Eu vou ser muito breve, muito rápido, pegando na parte final. Ninguém diz que a oposição tem que votar contra, vocês poderiam ter destruído o argumento dizendo: vocês realmente estiveram contra, levaram o país à falência, e nós até votamos a favor porque somos a favor. Ele nunca teria feito o brilharete que fez se vocês tivessem feito isso. Ninguém diz que a oposição não deve votar a favor. Não está nas regras da Oposição.

Dizer só o seguinte: o Vasco, na intervenção que teve – eu vou repetir um bocado o Carlos -, ele chegou até a ser ternurento. Foi simpático, envolvente, estava a contar uma história, eu estava aqui a ouvi-lo. Foi engraçado, completamente diferente do resto.

Depois o Ricardo foi parecido, mas mais assertivo. Eles foram estilos diferentes mas parecidos desse ponto de vista – muito tranquilos.

Dizer só o seguinte ao Duarte: o Duarte, é verdade, tem talento, tem um à vontade, mas acho que teve uma má prestação. Porque tu foste para aí à espera… A malta de Coimbra é um bocadinho assim: tem muita bazófia, estão muito habituados, tem muita experiência, desvalorizou… E podias ter feito 300 vezes melhor do que tu fizeste.

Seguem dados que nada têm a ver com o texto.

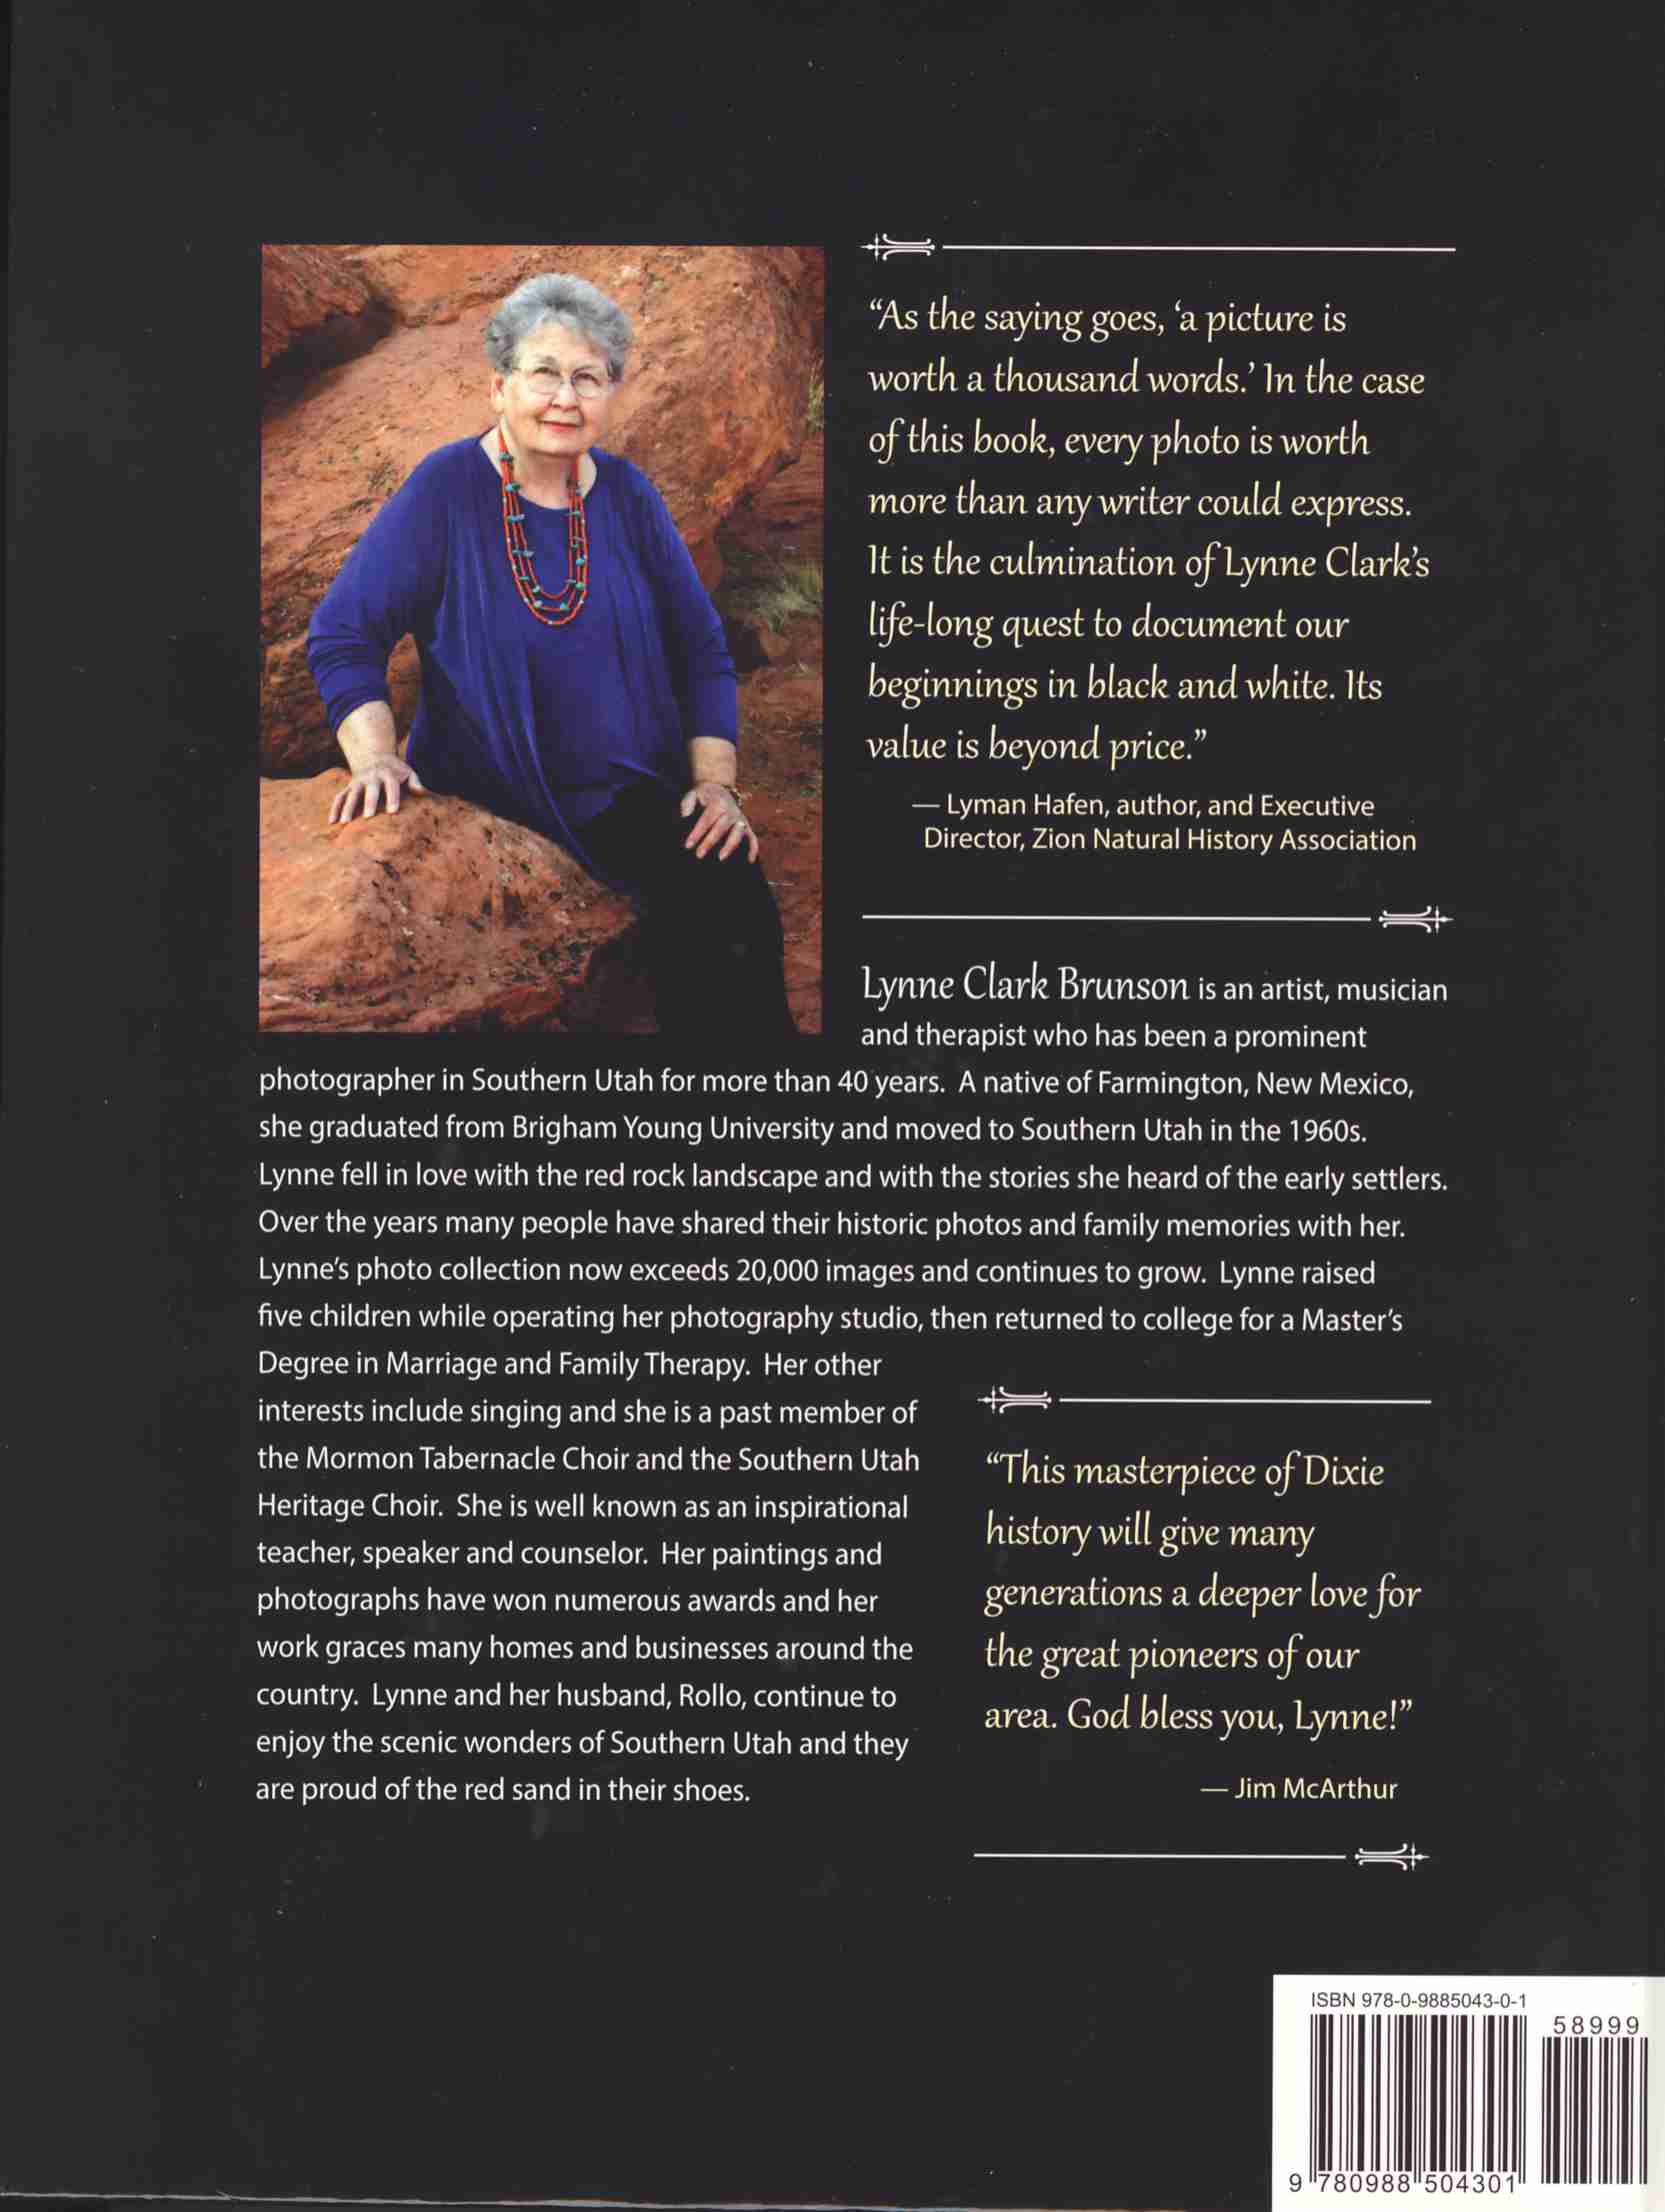 Back cover of Images of Faith: A Pictorial History of St. George, Utah

Portaste-te bem, mas perdeste ali muito tempo. Tu tens responsabilidade de fazer muito mais do que fizeste aí, porque tens talento para tal. Indiscutível. E isso é quando nós desvalorizamos o que vamos fazer porque estamos demasiado à vontade. Por isso é que ter medo é bom. Recordo aquela coisa do talento, da outra senhora.

Só uma dica que aproveito agora a propósito do Duarte para dizer. (Os Duartes podem dizer estas coisas uns aos outros, não faz mal.) Quando estiverem à rasca de tempo, não digam: deixe-me só mais um poucachinho para terminar. Ele não disse isso, mas foi parecido. Digam: termino já, senhora Presidente; vou já terminar, senhor Presidente. É este o truque, e quando fazem isto ainda arranjam ali mais 30 segundos. Termino já senhor Presidente, termino de imediato senhor Presidente, vou já terminar, senhor Presidente, agradeço, senhora Presidente. O truque é este, não peçam mais 5 minutos, nem mais 30 segundos, nem nada. Este Presidente é mais rigoroso que a Presidente da Assembleia da República, de facto.